I meccanismi sono simili sia nella donna dell’esempio sia in Vittorio. Nel bambino, però, sono meno profondamente radicalizzati e sono più espliciti ed il meccanismo causa-effetto è più

diretto. Altra caratteristica del disturbo psicosomatico del bambino è quella che quasi sempre è presente in lui un bisogno di prolungare l’attaccamento al padre e alla madre (o anche ai nonni, se figure presenti nella sua vita); ciò può portare, da parte dei genitori con atteggiamenti molto protettivi, a mantenere il sintomo. Spesso il bambino in questo sintomo si sente chiuso, “prigioniero” e se ne vergogna agli occhi dei sui compagni. Inizia a sentirsi diverso in una fase in cui è fondamentale sentirsi e riconoscersi nel gruppo degli amici, inizia a chiudersi e trincerarsi dietro i sintomi che possono diventare sempre più invalidanti. In questo caso è fondamentale il ruolo dei genitori che devono spronare il bambino e dargli fiducia, trasmettergli che può uscire fuori dalla paura e dall’ansia nelle quali è inserito. Devono mandargli il messaggio che ce la può fare, incoraggiarlo nelle sue scelte ed ascoltarlo molto. Può accadere, invece, che i genitori si terrorizzino e si blocchino anche loro, che non riescano a superare il blocco del figlio che diventa così un blocco familiare. Spesso la troppa tolleranza dei genitori verso il sintomo porta a fermare il figlio nello sviluppo della sua autonomia, ad aumentare la dipendenza verso l’ ambiente familiare, attivando in tal modo un circolo vizioso dipendenza figlio- dipendenza genitori e viceversa.
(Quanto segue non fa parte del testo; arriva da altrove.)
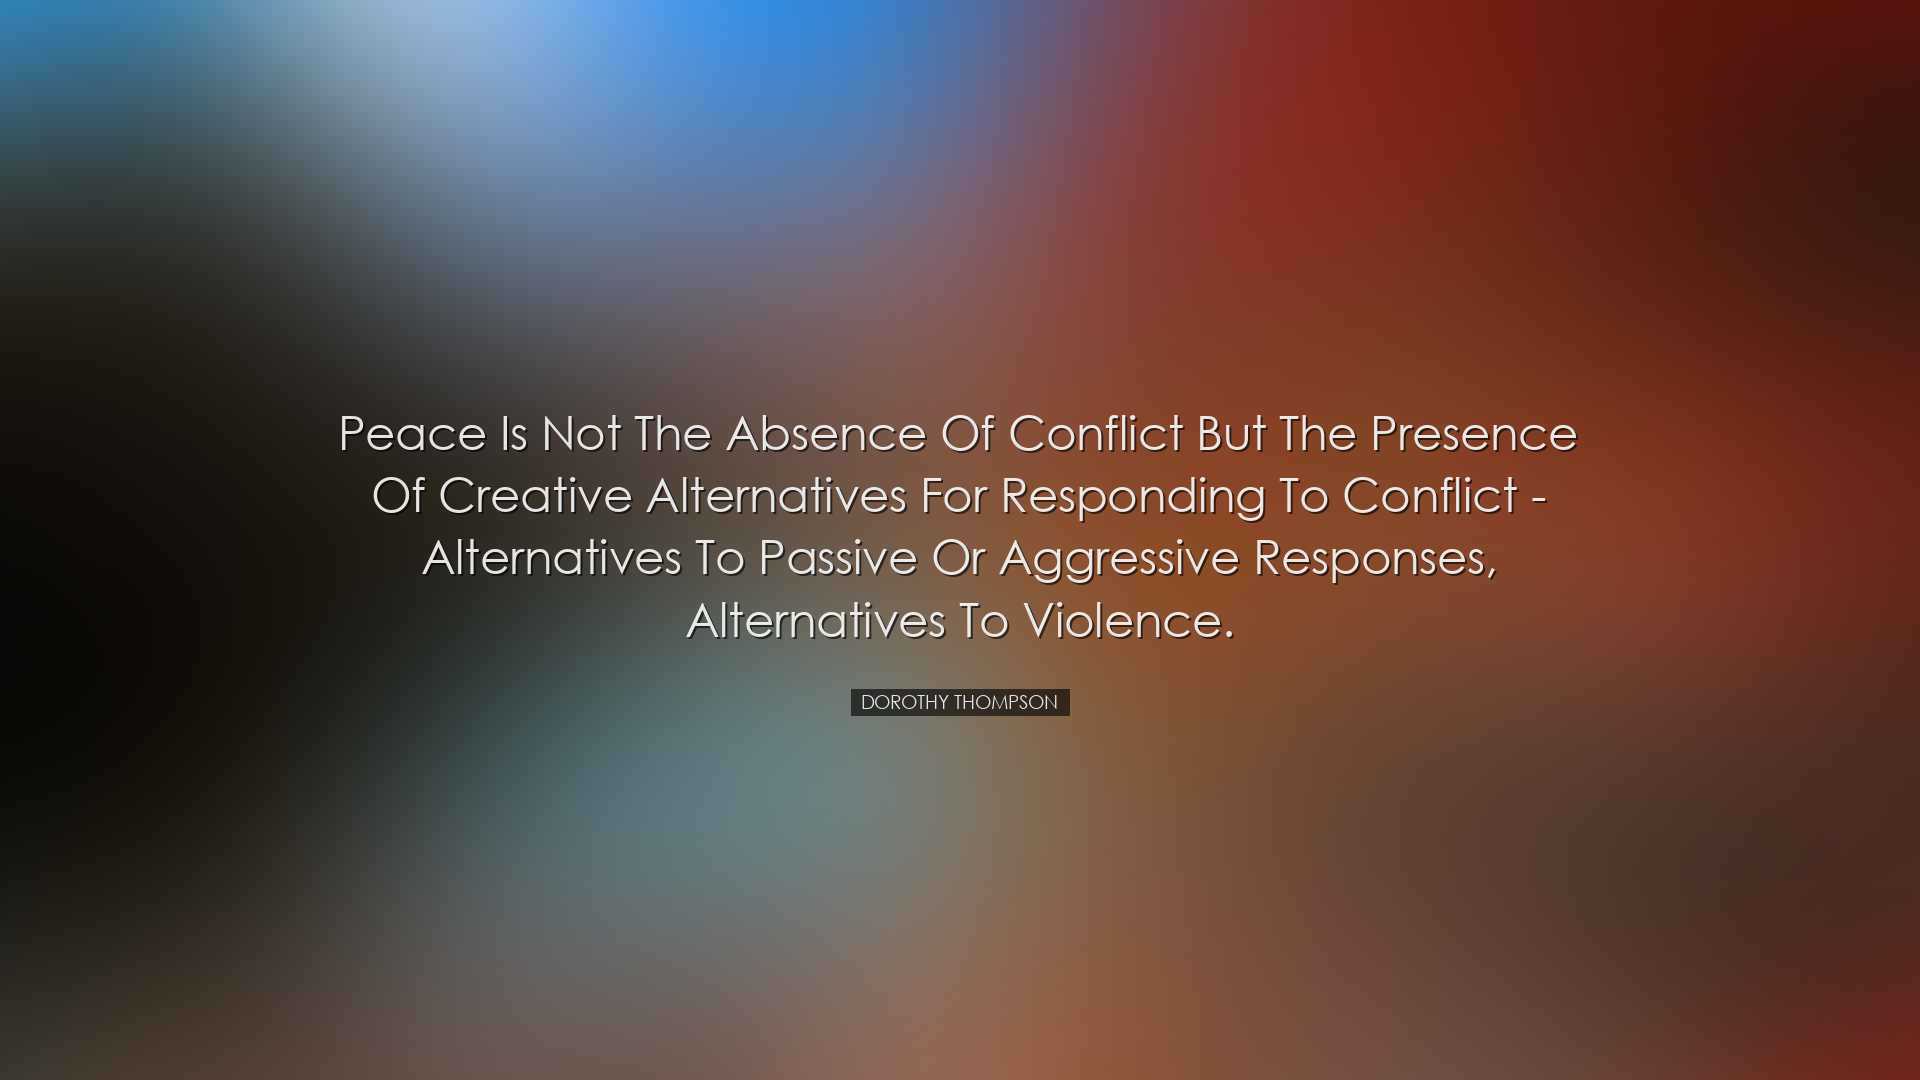 Peace is not the absence of conflict but the presence of creative
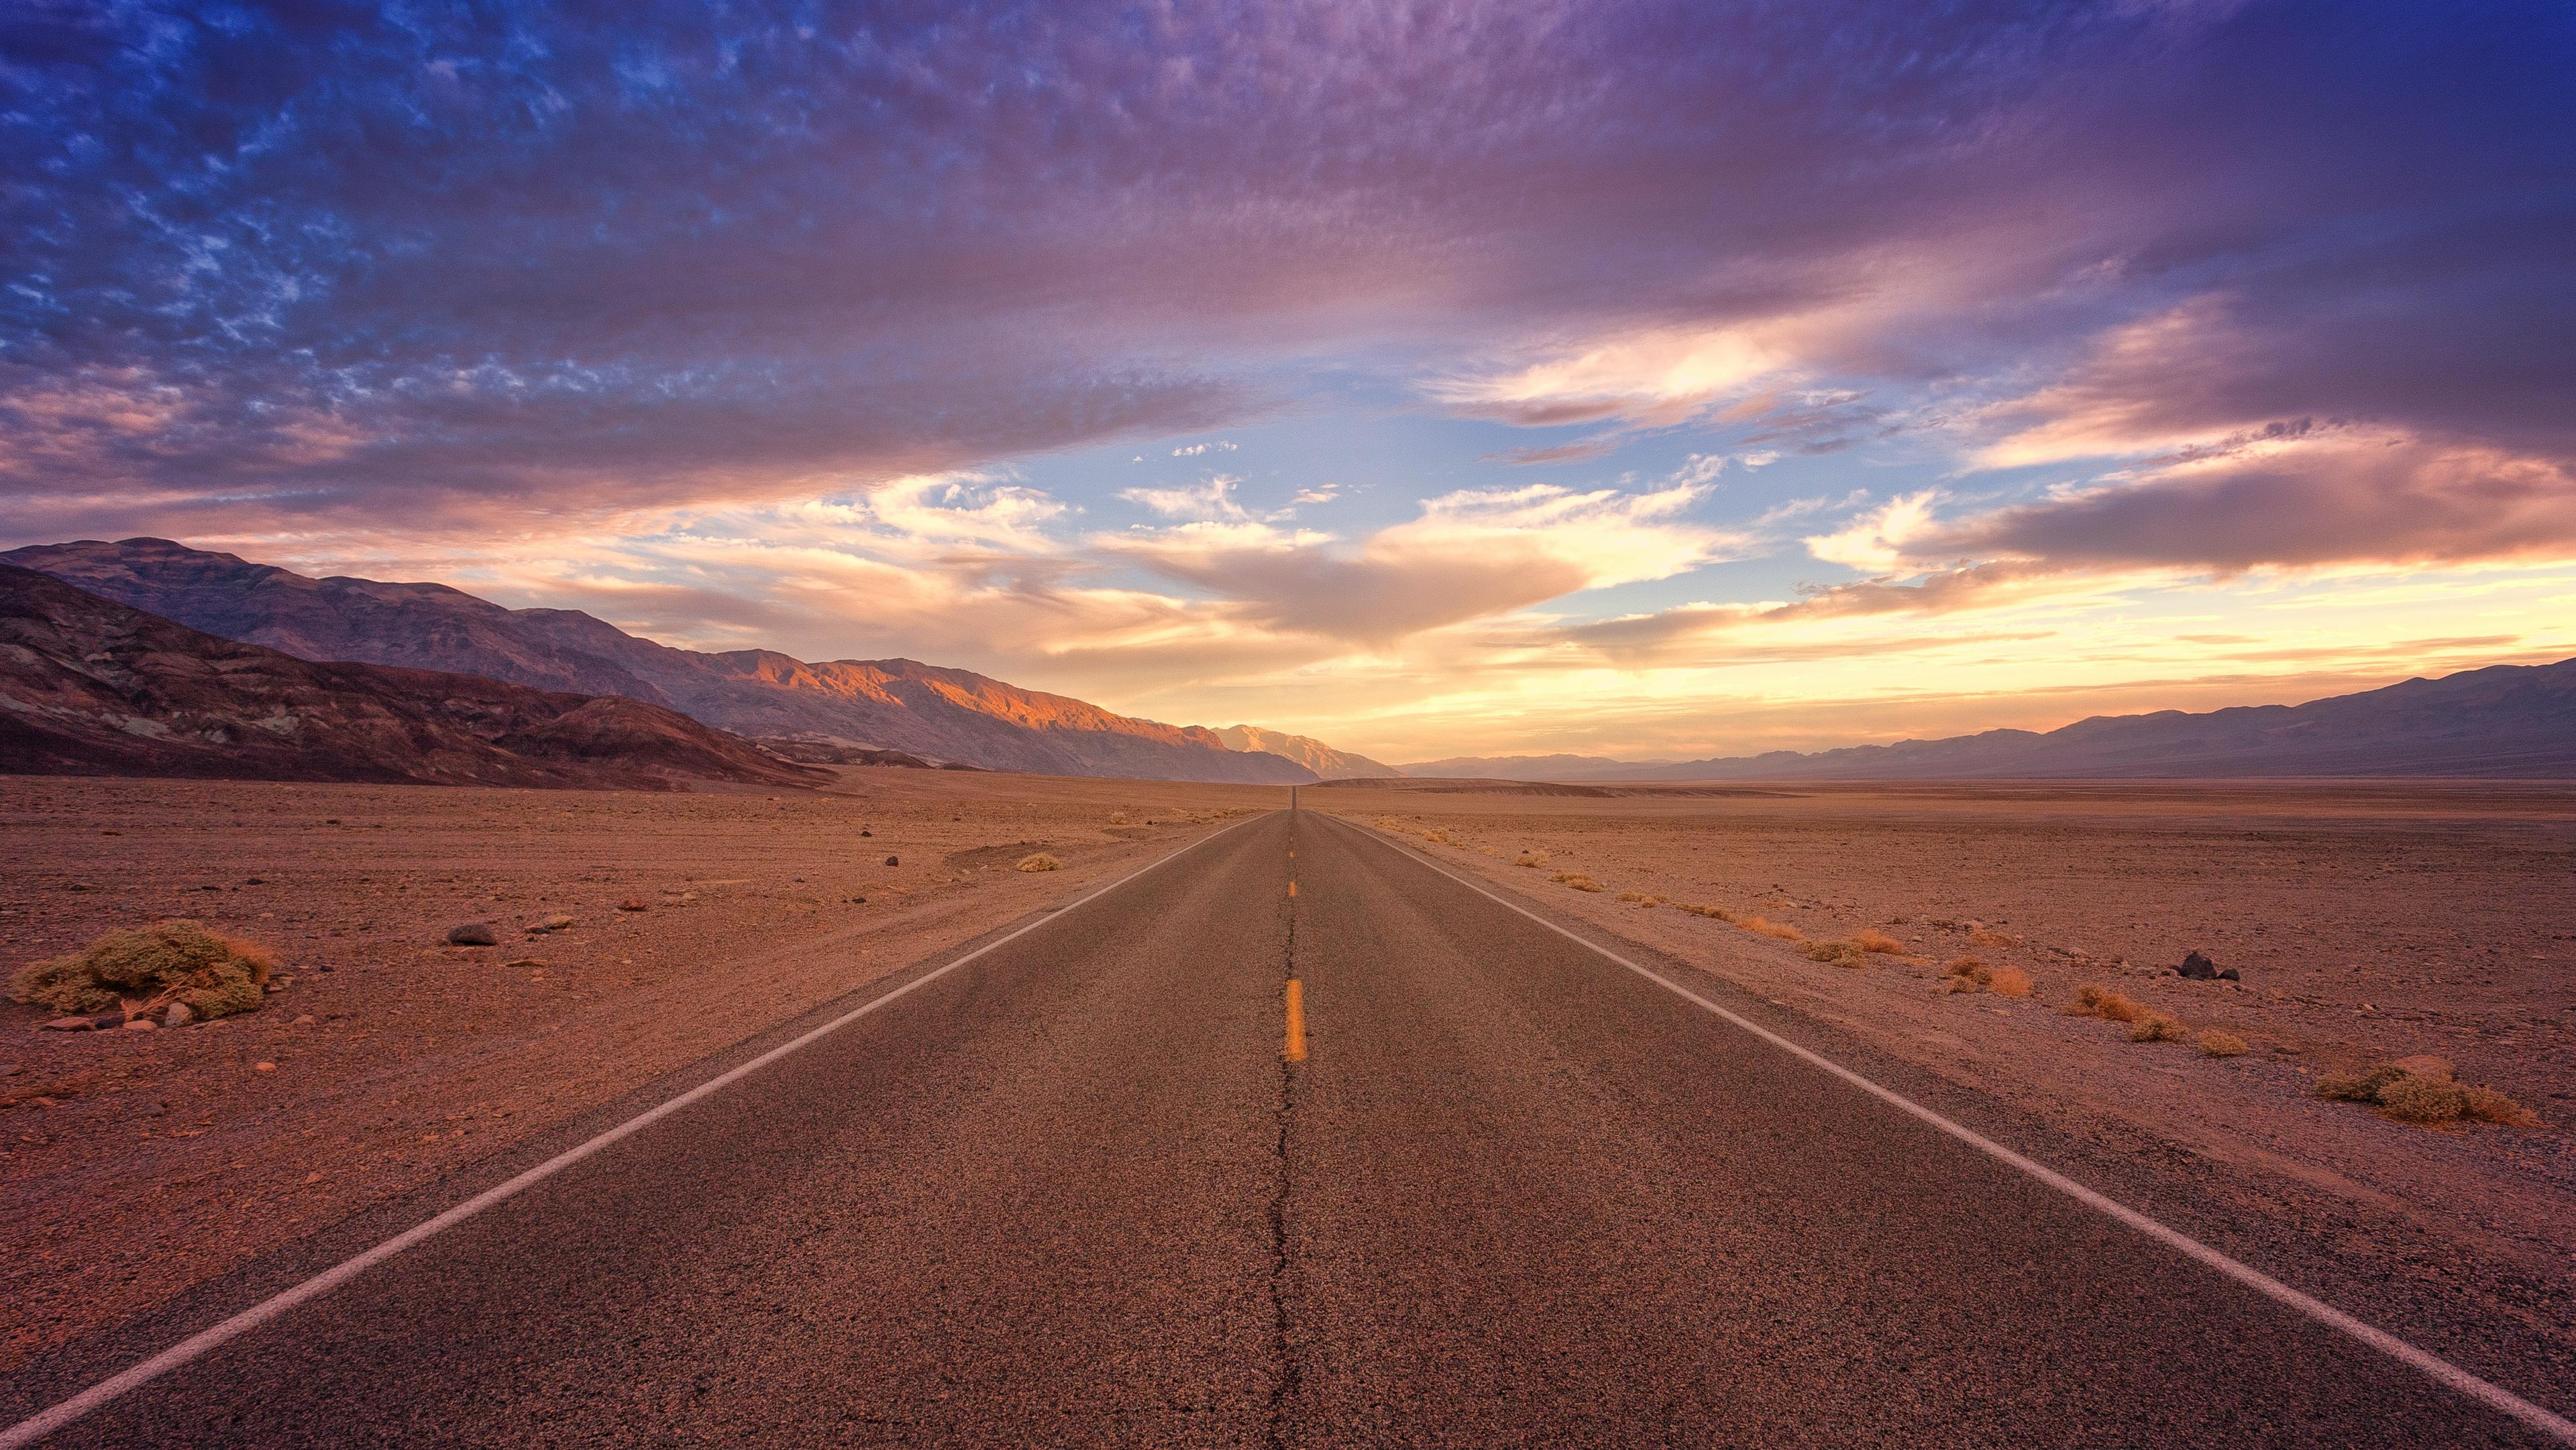 The open road in Death Valley.

Si evince che il compito della terapia è su più fronti. Innanzitutto il terapeuta deve lavorare con il bambino per far emergere le sue difficoltà e le sue paure, deve lavorare affinchè il bambino impari a parlare non solo attraverso il corpo ma anche con il linguaggio verbale, delle parole. Molto spesso è opportuno utilizzare i disegni del bambino in quanto possono trasmettere le sue emozioni più vere, più profonde. Sanno esprimere ciò che è difficile “tirare fuori” con le parole.

Su un altro fronte il terapeuta deve lavorare con la famiglia e soprattutto con i genitori per poter ridare al bambino la sua giusta età, per poter restituire il senso di fiducia verso se stesso e verso il futuro che soltanto i genitori possono trasmettere al proprio figlio. Spesso i genitori si sentono impotenti di fronte al sintomo ed è importante arrivare a restituire loro la capacità di poter aiutare il proprio bambino.

E’ importante questo lavoro terapeutico bambino-famiglia. Solo così il disagio profondo del bambino può prendere forma evitando che si cronicizzi e che diventi addirittura l’ unica possibilità di comunicazione dell’attuale bambino e del futuro adulto.